CIS 457 Midterm Guide


Specifications:

The midterm exam will consist of 4 short answer questions (40%), 2 calculation questions (20%), and approximately 20 (multiple choice / fill in blank / true-false questions) (40%). For short answer questions, I am expecting approximately 1 paragraph (several sentences) in response. Answers that are just a couple words will generally not recieve full credit.

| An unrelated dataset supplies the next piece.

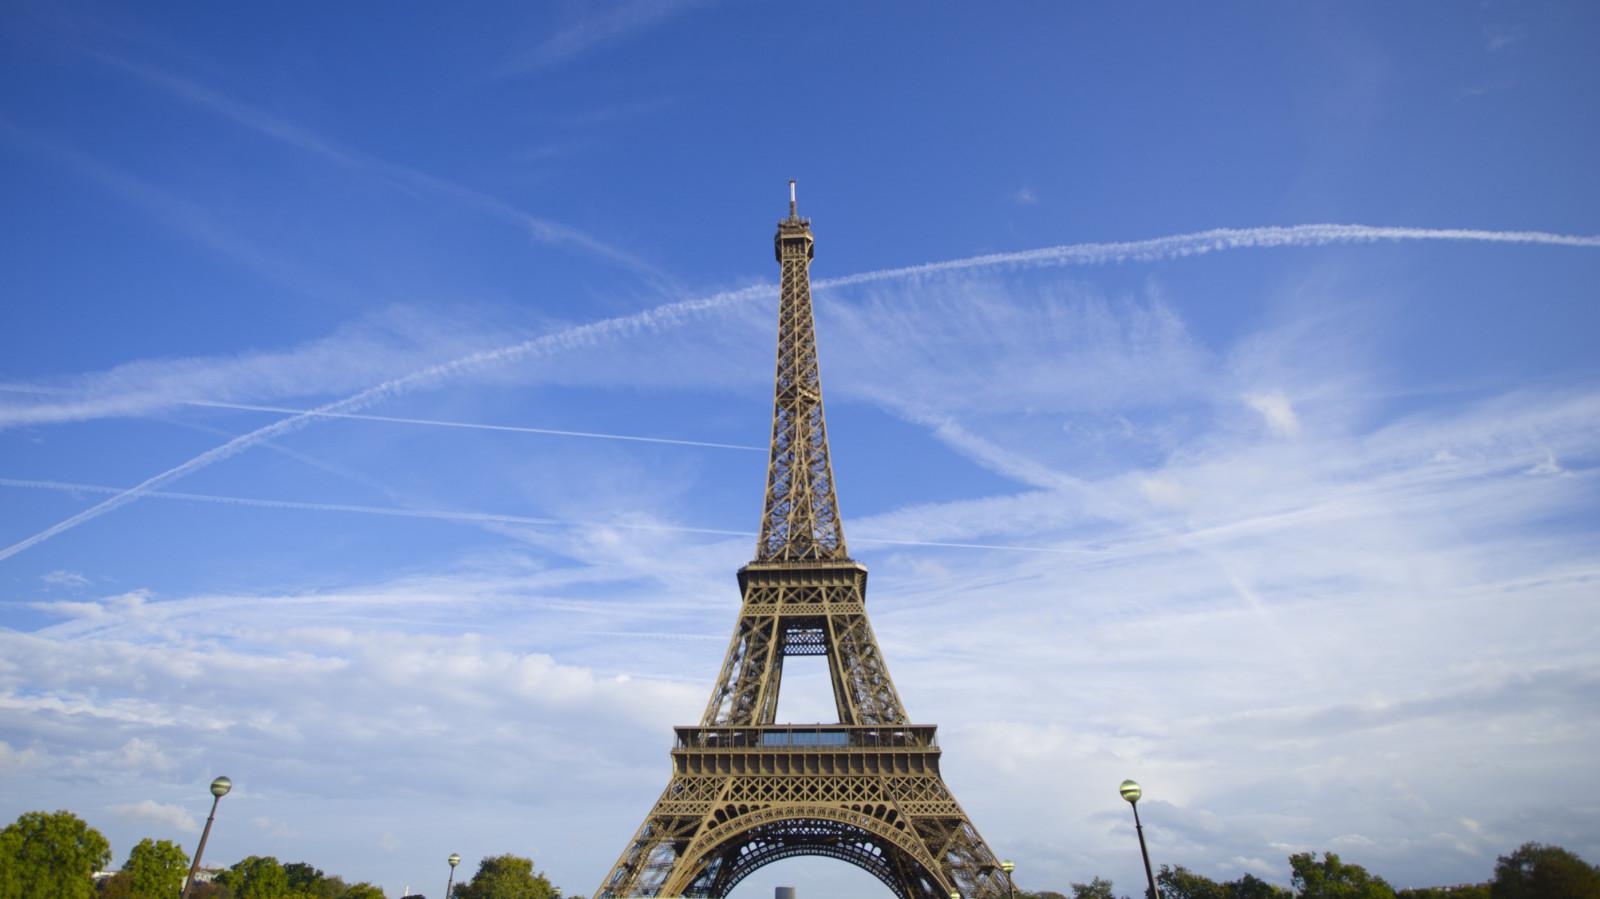 Wallpaper : Paris, France, tower, eiffeltower, eiffel, latoureiffel ...
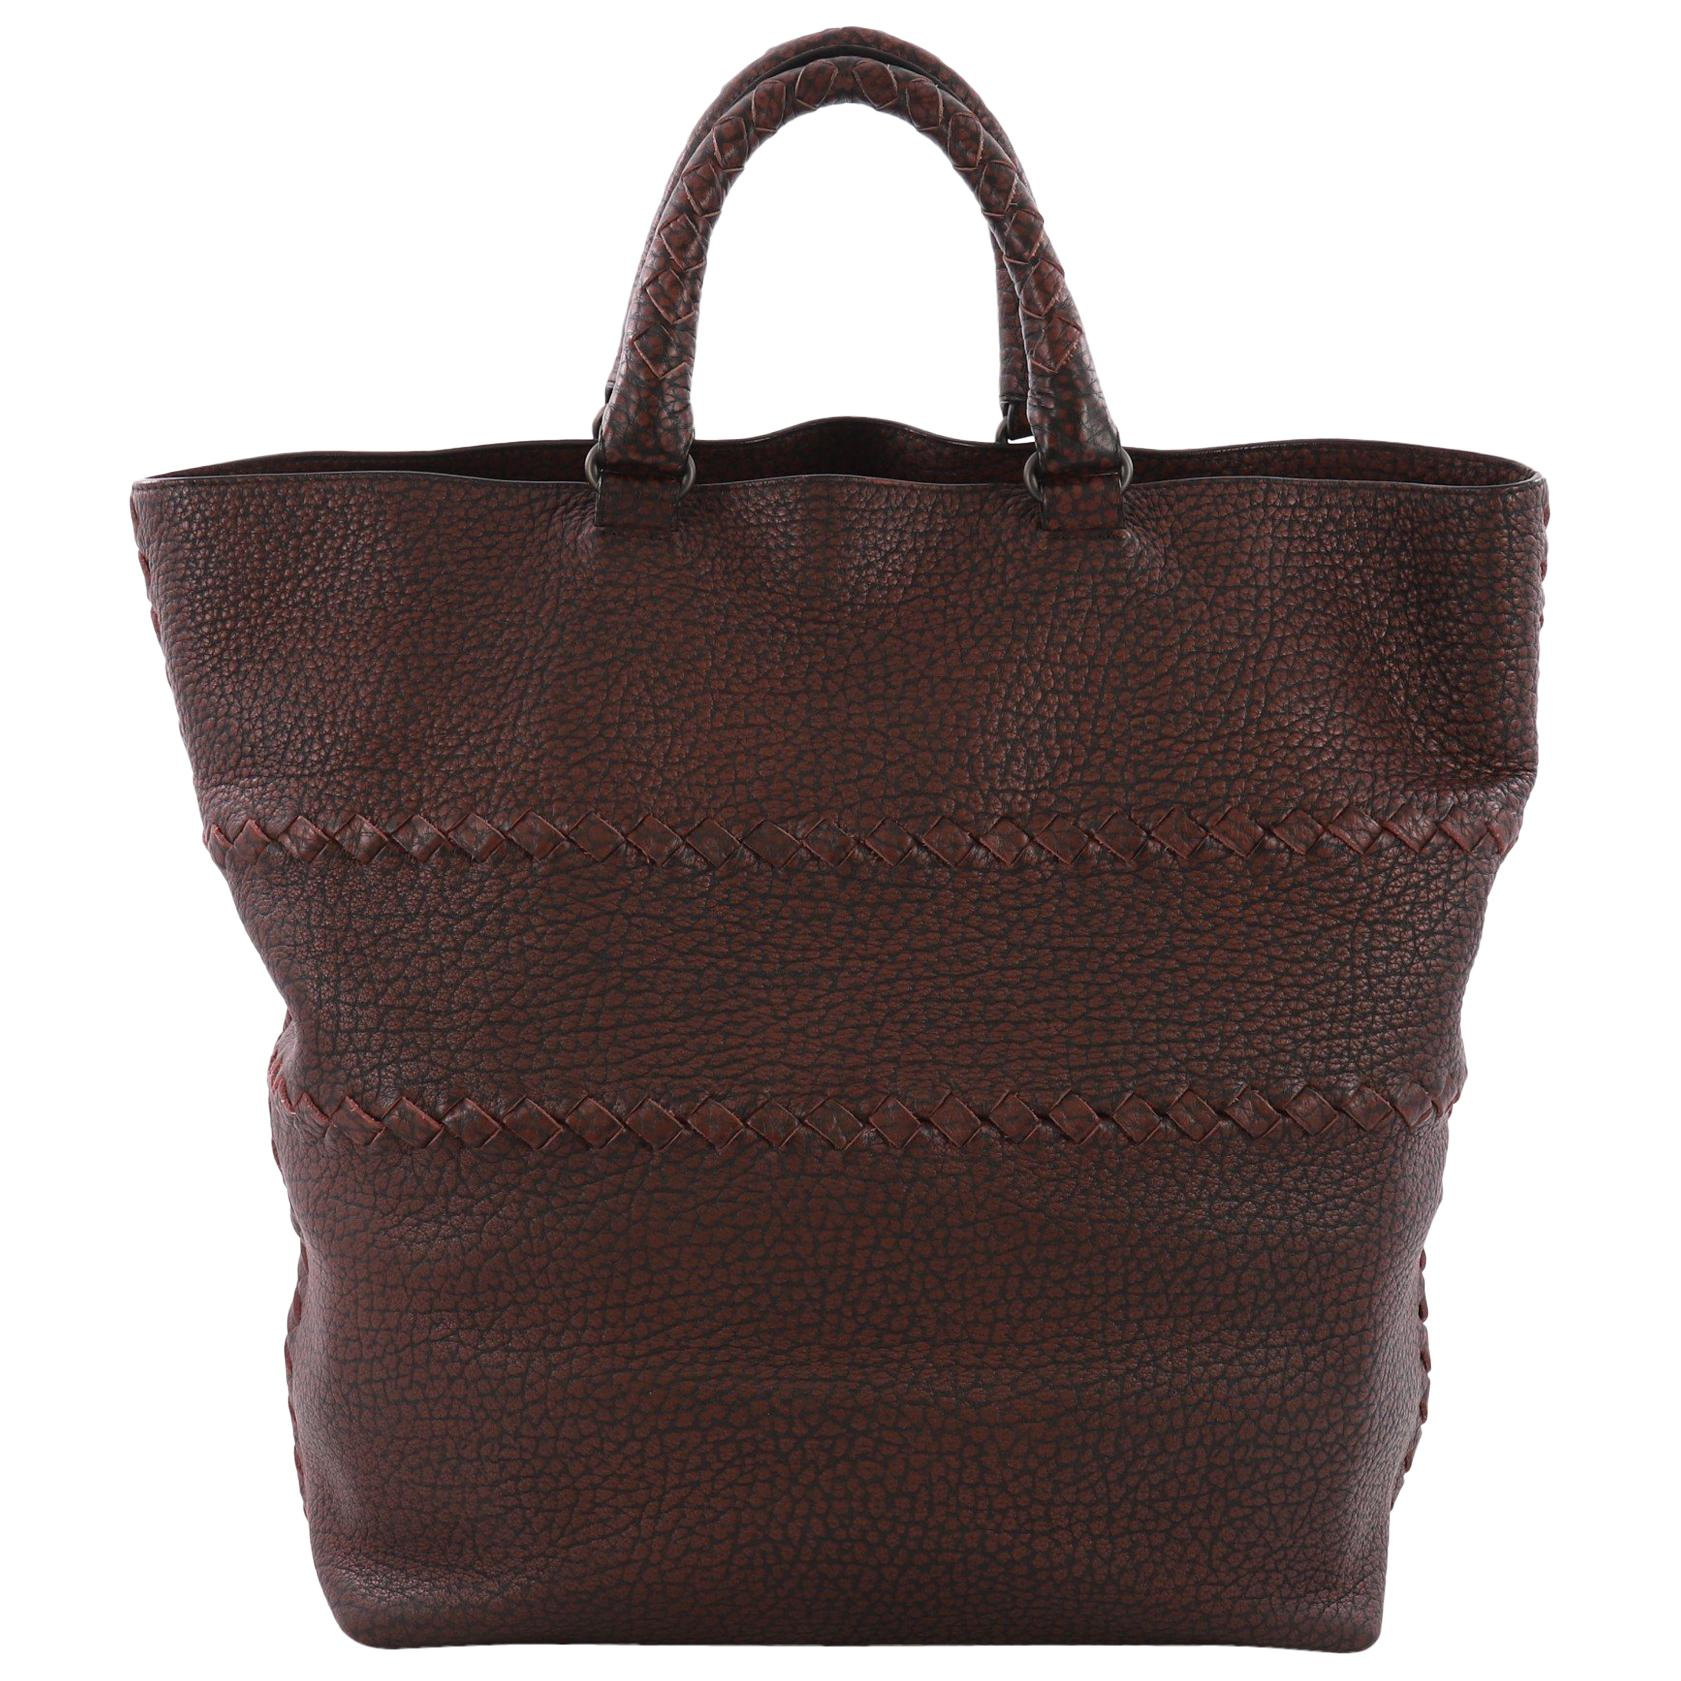 01f1ad2fae62 Rebag Top Handle Bags - 1stdibs - Page 18

You will be allowed to bring and use a calculator and a single page of notes. Your laptop or phone is not an acceptable calculator (calculators are available for students to borrow from the math center and from the university library). Your page of notes may be no larger than a standard letter sized piece of paper. This page must be produced by you (you can not share a page of notes someone else has written), and will be collected at the end of the exam.

Topics

Any topic covered in lecture/discussion is valid material for the exam. The topic list below is not guaranteed to be comprehensive.

Sample calculations

Compute the checksum of 10101010, 11001100, and 11100011

 10101010
+11001100
---------
101110110

 101110110
 +11100011
----------
1001011001

Now, we need to add the carry back in

01011001
      10
--------
01011011

The checksum that actually gets sent is these bits flipped, so
10100100



Now, let's try a CRC, using generator 1101. The data we will use is 11001100.

We need to divide, but we don't care about the result, only the
remainder. Remember we need to add extra 0s to the end, in this case 3
because the generator is 4 digits.

     ---------------
1101 | 11001100 000
       1101
          1110
          1101
            110 0
            110 1
                100

So, our remainder is 100. What gets transmitted is 11001100100

The reciever calculates 
     -------------
1101 | 11001100100
       1101
          1110
          1101
            1101
            1101
               000

Since the remainder is 0, the reciever concludes there are no errors.




Now, an example for data rate calcualations. We have a binary signal on a 3 kHz channel. The
signal/noise ratio is 20dB.

Applying Nyquist's theorm, we get data rate = 2 * 3k * log2(2) bits/sec
 = 2 * 3k * 1 = 6000 bps

Applying Shannon's theorm, we get data rate = 3k * log2(1+100)
bits/sec (because 20dB is a S/N ratio of 100) 
= 3K * log2(101) = 3K * 6.658 = 199974 bps

Because the Nyquist limit is lower, it is the limiting factor in our
data rate, so the maximum data rate is 6000 bps or 6kbps.